I have analysed the frequency of the features. You can find them here - https://github.com/Ayushk4/Tweet_tok_analyse/blob/master/Analyse_Features.ipynb

The features I am considered so far are:
- Parameter Inside Replace HTML Entities 
1. Entity_Not_Numeric     # This could be something like &amp; => &
2. Entity_Base_10         # Is Base 10 numeric encoded, Like this "&#916;" => "Δ"
3. Entity_Base_16         # Is Base 16 numeric encoded, Like this "&#x394;" => "Δ"
4. Entity_WINDOWS_1252    # Is the entity being interpreted by the browser as Windows-1252 Encoding

- Parameter Outside Replace HTML Entities
5. Strip_handles 
6. Reduce_len 
7. Safe_Text

Here is a short summary based on the tweets so far -

No tweet use the following feature. It convert HTML_elements in decimal format to Unicode character. For example - Decimal : "Δ" => "Δ", https://github.com/Ayushk4/WordTokenizers.jl/blob/4ec3f0acedc2df2150be7de25252b6d8be0c9be8/src/words/tweet_tokenizer.jl#L149
No tweet use the following feature, which is obvious from the observation above. It converts HTML_elements in decimal format and in range (128 to 159) to WINDOWS-1252 encoding. For example "" => "†" https://github.com/Ayushk4/WordTokenizers.jl/blob/4ec3f0acedc2df2150be7de25252b6d8be0c9be8/src/words/tweet_tokenizer.jl#L169
No tweet use the following feature as well. It convert HTML_elements in hexadecimal format to Unicode character. For example - Hex : "Δ" => "Δ" https://github.com/Ayushk4/WordTokenizers.jl/blob/4ec3f0acedc2df2150be7de25252b6d8be0c9be8/src/words/tweet_tokenizer.jl#L157

I have yet to check the frequencies for the individual regexes in the main tokenizing regex. I will update you when it is done.

Please give suggestions.

Also pardon for the overkill with the plots, if they were not needed.

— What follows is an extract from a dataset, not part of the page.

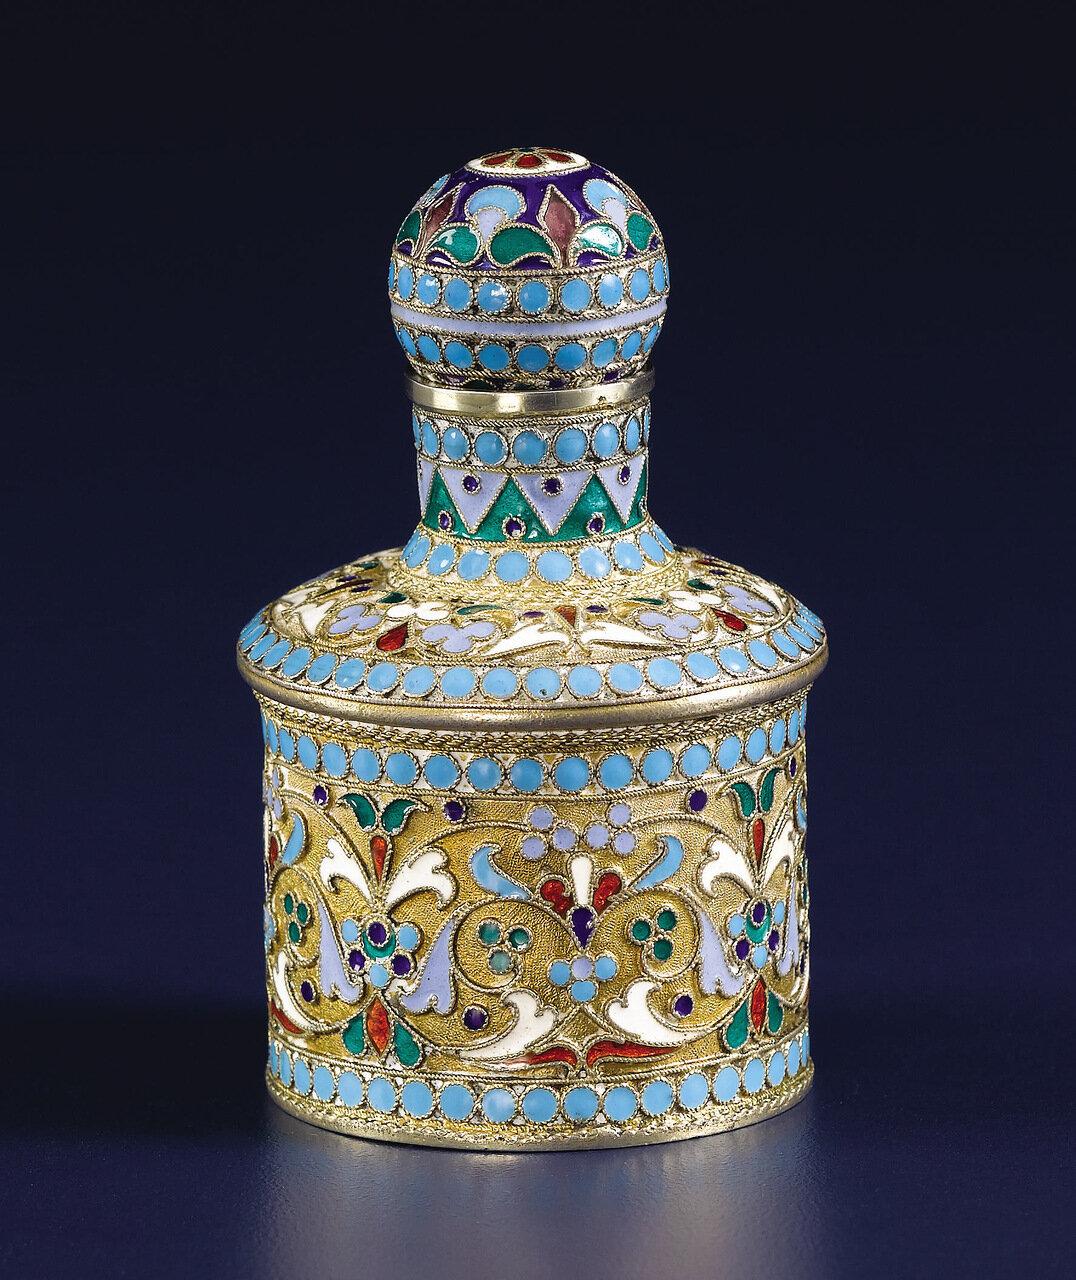 Русское антикварное серебро 0_11bce3_3691c613_XXXL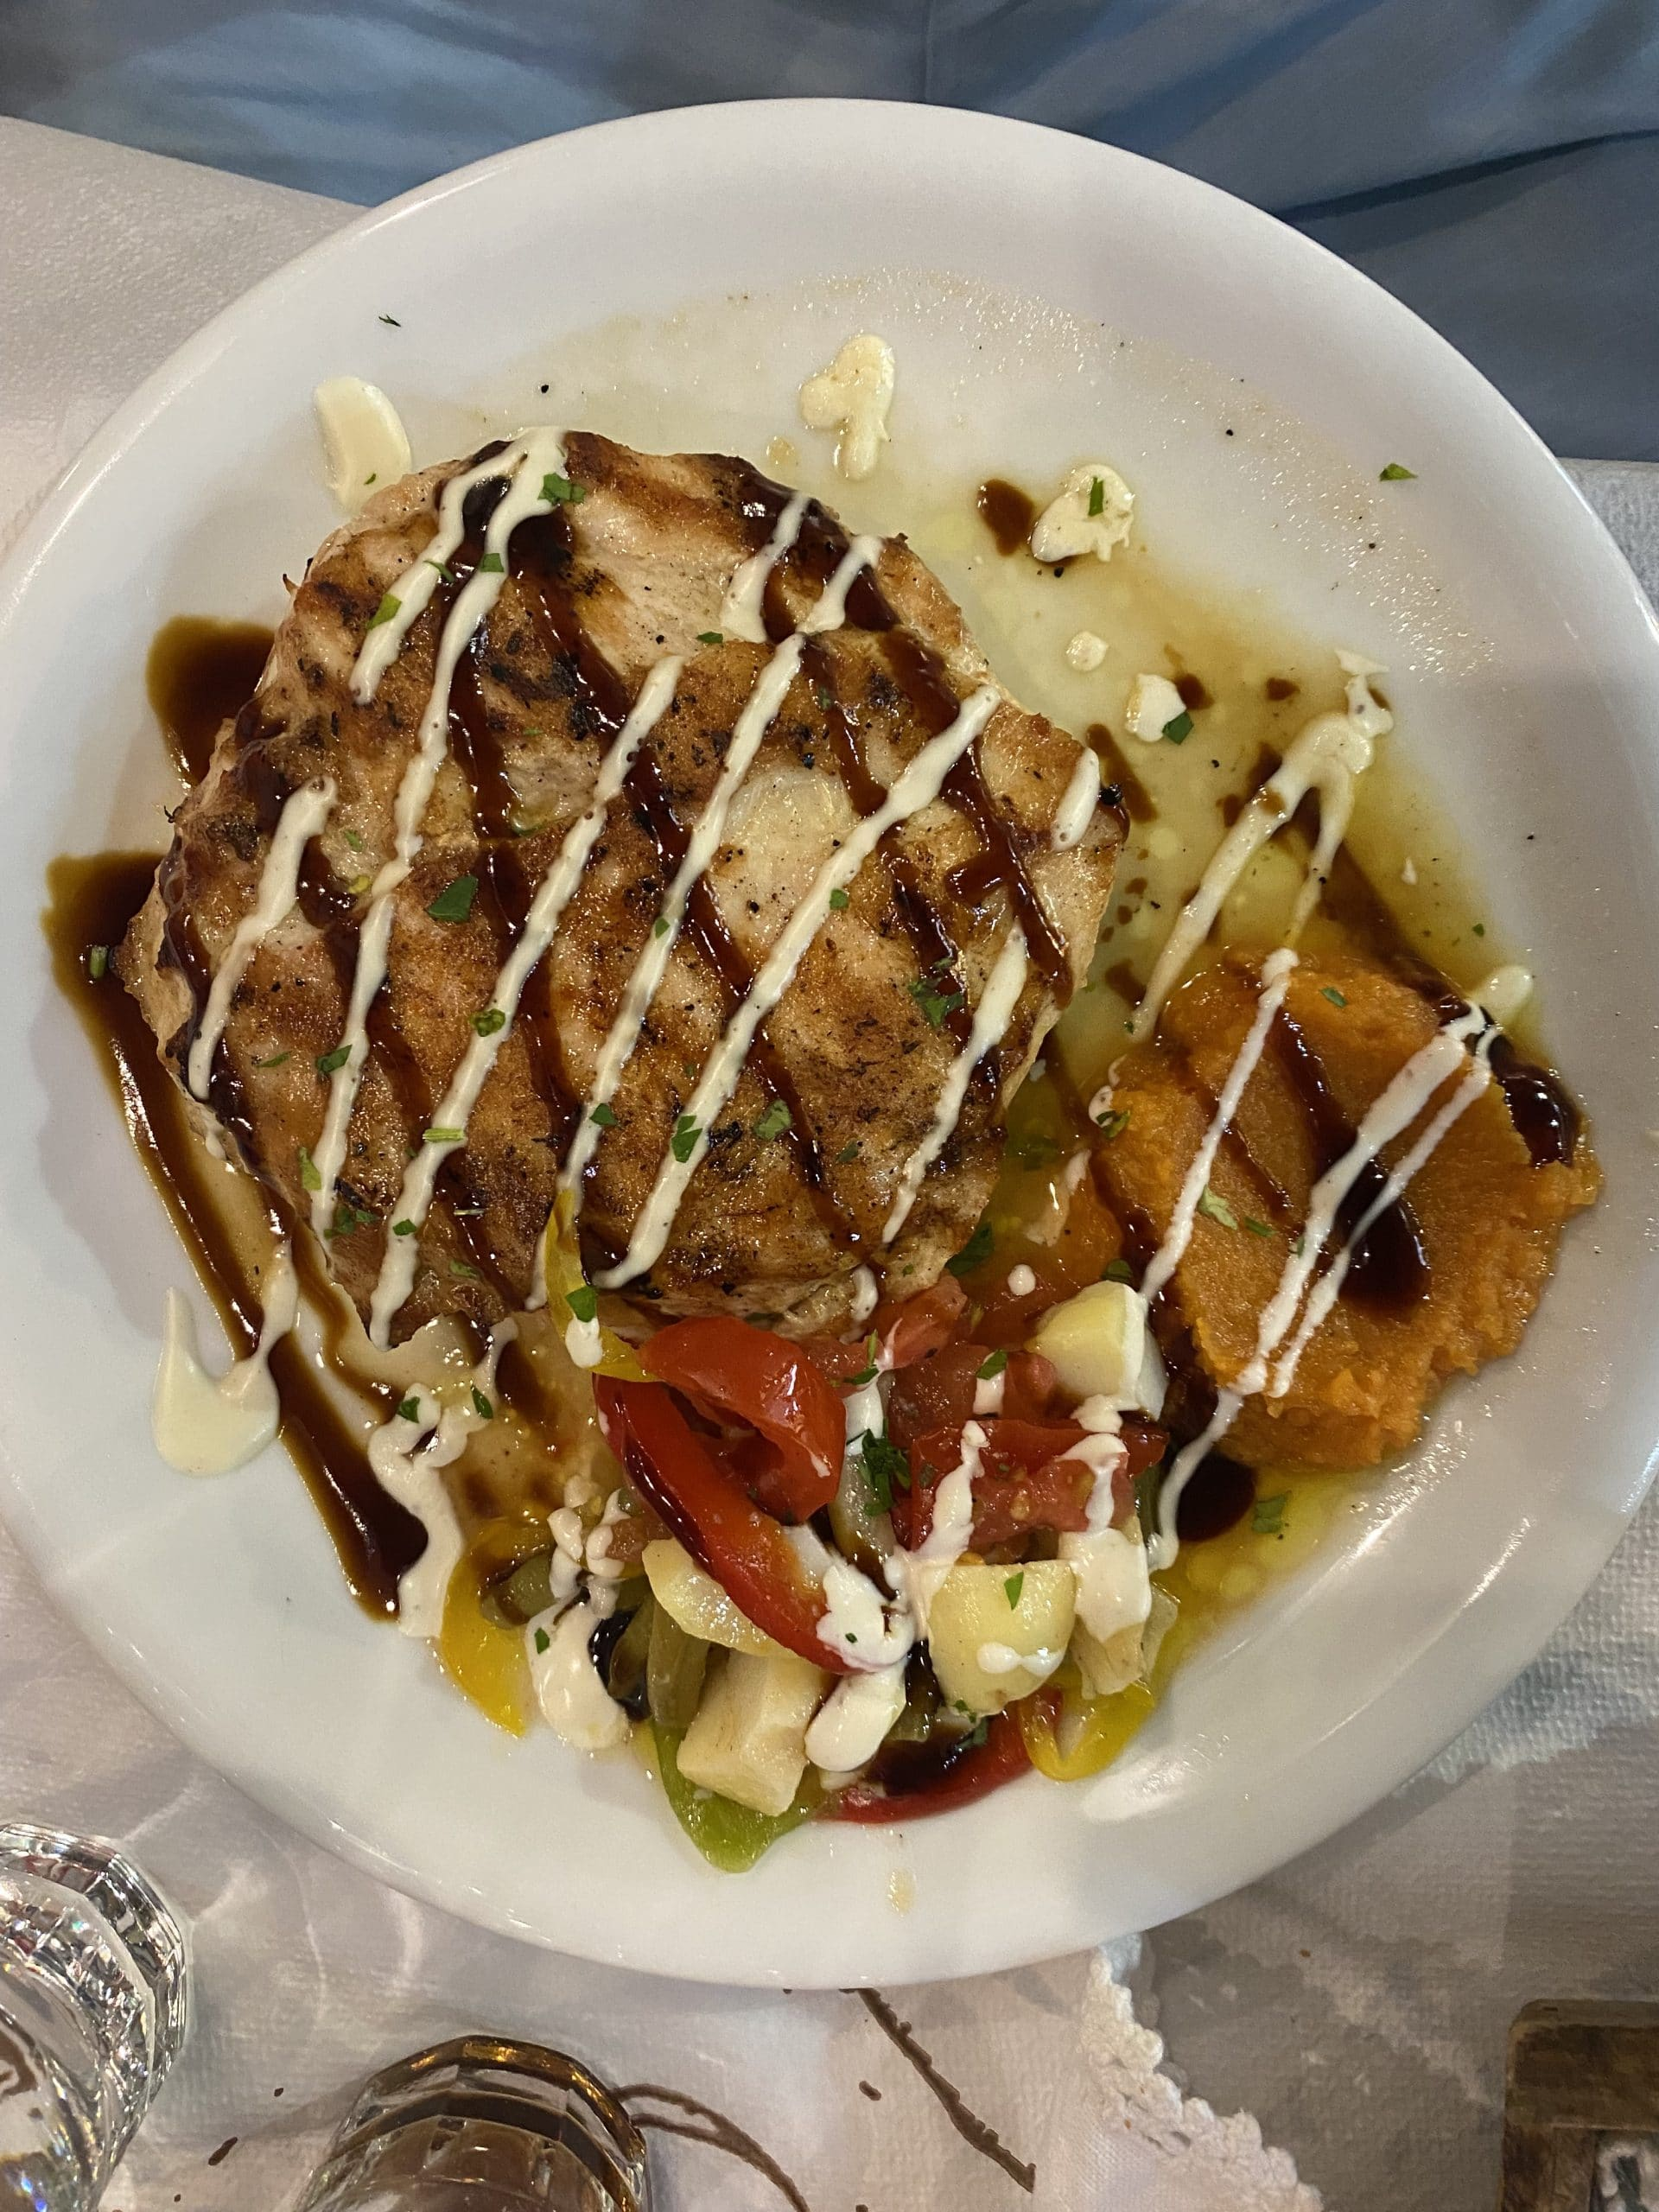 eric's chicken dish at archontoula milos

oxinabox commented 5 years ago

This is great work, it aligns with my theory that in the early days of the twitter API Unicode/encoding issues were common, but that all seem to have been resolved now. That notebook might make the basis of an interesting blog post. Particularly, if you can find some more history.

Ayushk4 commented 5 years ago

I am done analysing the count for the Regex Patterns that the main tokenizing Regex uses. This main tokenizing pattern is made by joining multiple smaller pattern like EMAIL_ADDRESSES or URLS. Usage of each has been counted.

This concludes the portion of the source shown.